A Venetian farmer in 1888 in Esperanza (Argentina) said:
“Here, from the richest to the poorest, all live on meat, bread and soup every day! » A farmer in Cuneo recalls in an interview: “My father was born in 1870. He left for adventure embarking for Argentina … The only thing that was not missing was meat, therefore they did not go hungry. In Argentina meat was like our cornmeal porridge here. They killed a calf and cooked it on the spit. They then cut off pieces of meat with a knife and ate”.
Finally, even the labourers from Calabria that arrived in the United States were surprised by the “equality” of the eating habits, which consisted in the fact that everyone could have access to daily meat consumption:
“When you came home with that great steak, you know, as thick as this, with all the blood that we are not used to in Italy… And you eat… There is no jealousy in America. We all eat the same, all the same steak, all at the same table, all equal…”

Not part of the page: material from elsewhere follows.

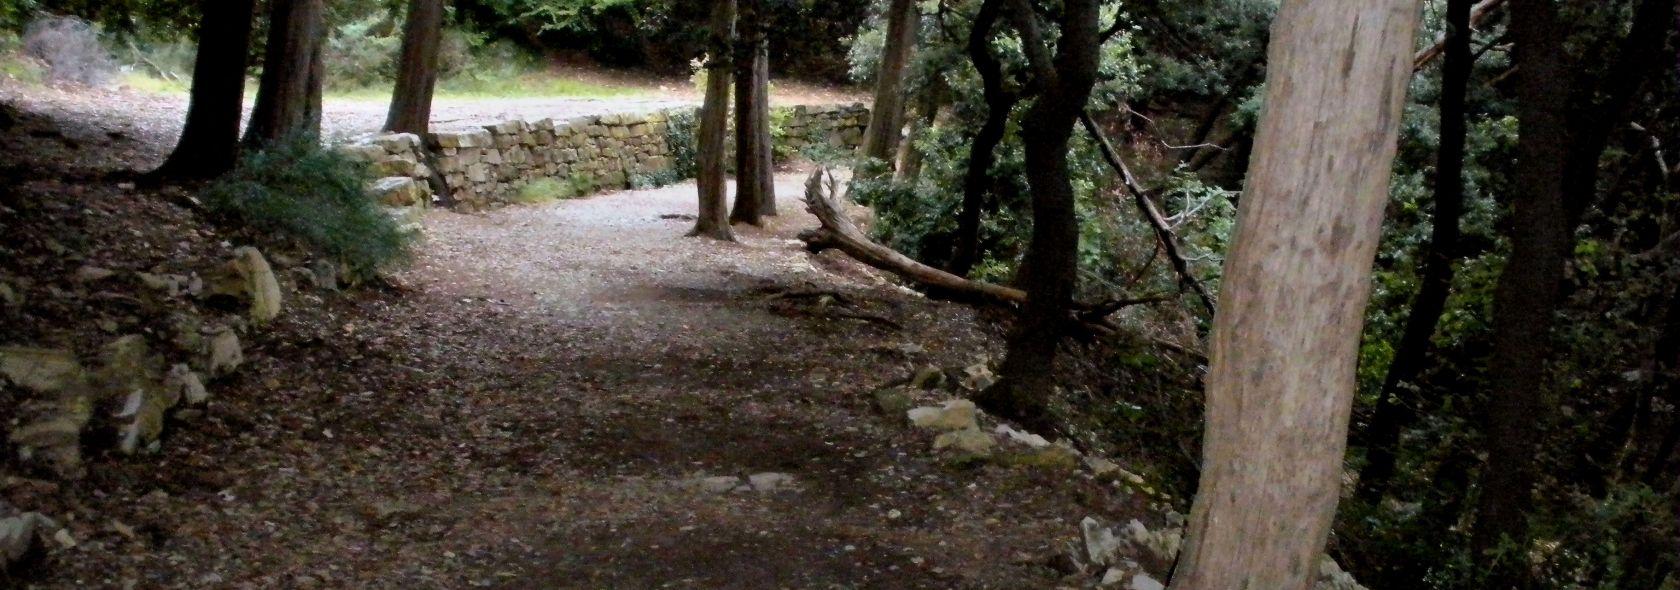 Bosco dei Frati Minori del Santuario di Nostra Signora del Monte - foto: BBruno

In 1890 the results of the Inquiry on the hygienic and sanitary conditions of the workers of the land by Mario Panizza were published in Italy (a compendium of the more popular Enquiry Jacini-Bertani) and once again the constant food shortages in rural populations was stigmatised, with a strong focus on the lack of an adequate consumption of meat, which was limited to the religious feasts, weddings, baptisms and little else.

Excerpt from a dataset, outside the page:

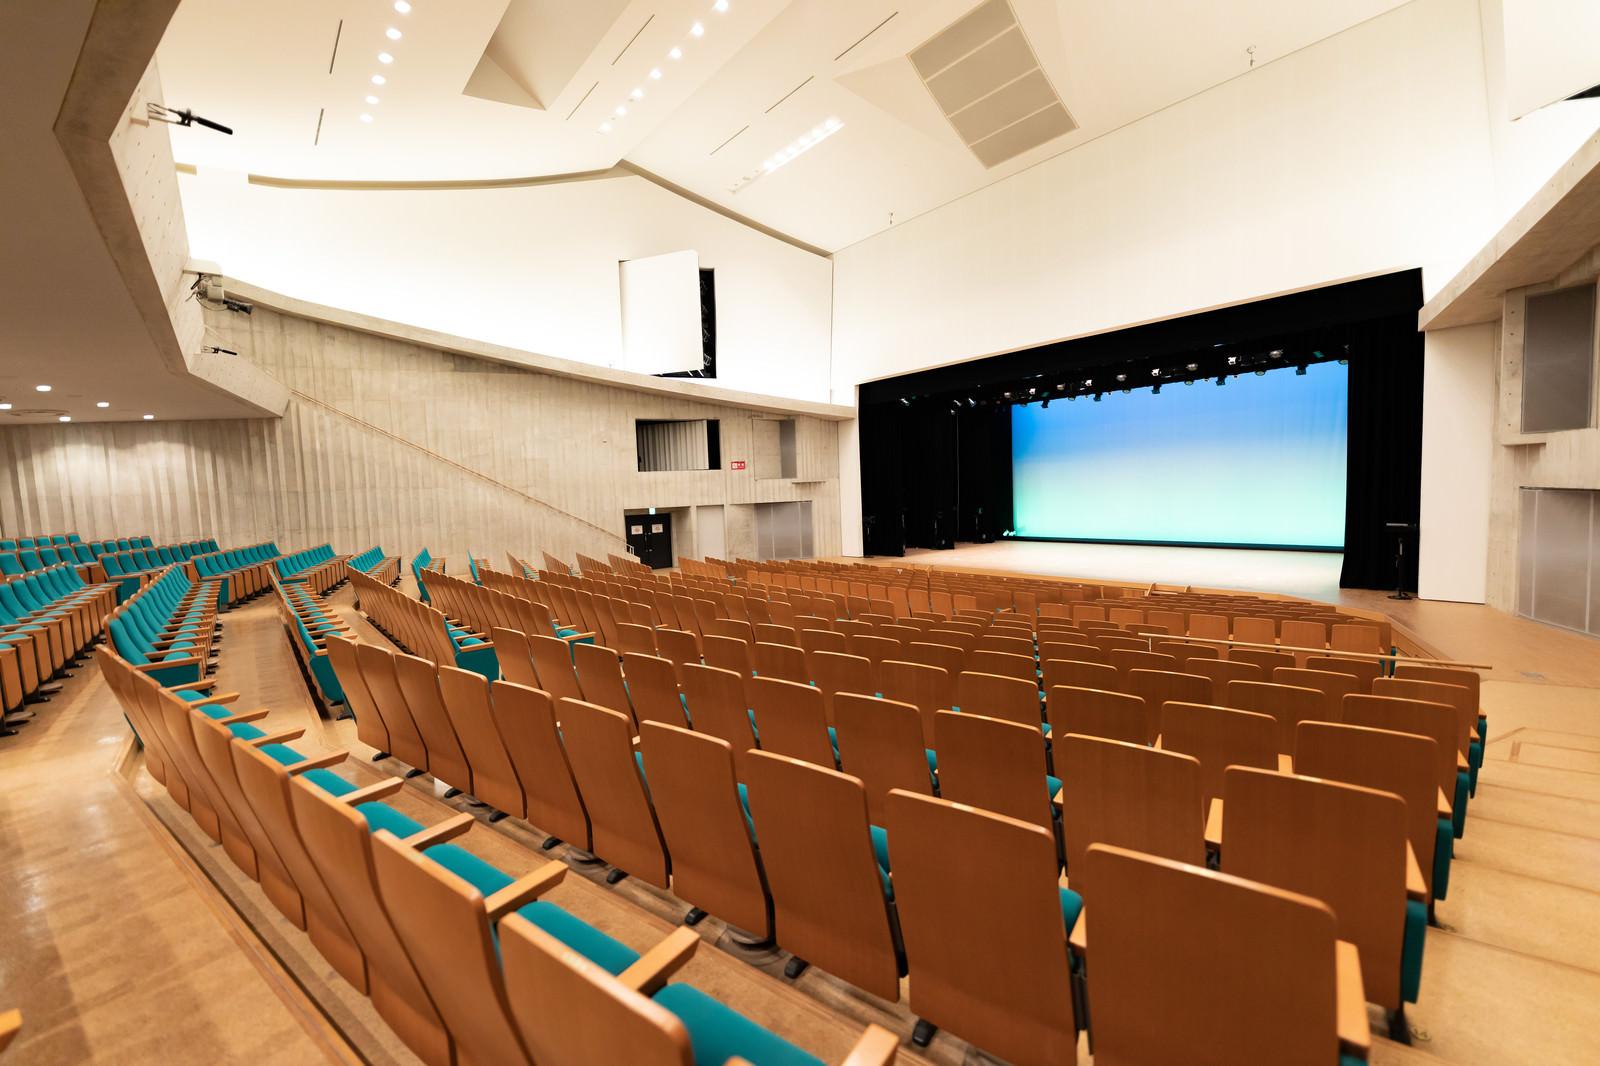 「時津町にあるコンサートホール」の写真

This situation continued until the first third of the twentieth century. What Ancel Keys saw in central and southern Italy at the end of the Second World War, was in fact, a chronic habit of not eating meat due less to a “lifestyle choice”, but more to the result of centuries of “chronic inability to gain access to the consumption of meat”.
The 1960s represented for Italy a period of great economic development, which enabled her country to finally defeat hunger and the areas of undernourishment. The consumer food model became widespread and meat, coveted for centuries, finally became available to everyone.
Eating meat was a kind of declaration of freedom from misery and poverty. Doctors and paediatricians continued to suggest the consumption of meat as a factor for improving the growth of children and teenagers. The daily ration of meat for military conscripts was 200 g (even today this is the daily ration as per OG), the meal canteens always included a meat dish, and throughout the following decade the “main course” in the Italian gastronomic tradition became almost exclusively meat based (steak, sliced, roasted, boiled, cutlet, escalope, …) making them forget, for a time, the gastronomic variety that traditional nutrition had developed over the centuries.
The attitude towards the consumption of meat from half way through the 1980s began to change: forgotten the initial enthusiasm, the fact that hunger had been reduced and that in Italy certain health disorders began to be linked to an excessive consumption of meat and animal fats triggered an equal and opposite reaction: the consumption of meat was considered one of the main risk factors of the so-called “diseases of well being”. This led to the elaboration of a new model of Mediterranean Diet that, taking the example of the gastronomic culture of the Mediterranean countries, proposed as a source of food: bread, pasta and the use of the rich heritage of vegetables, fruits and cheeses that characterises precisely the Mediterranean, bringing meat consumption to be the necessary complement for a balanced diet.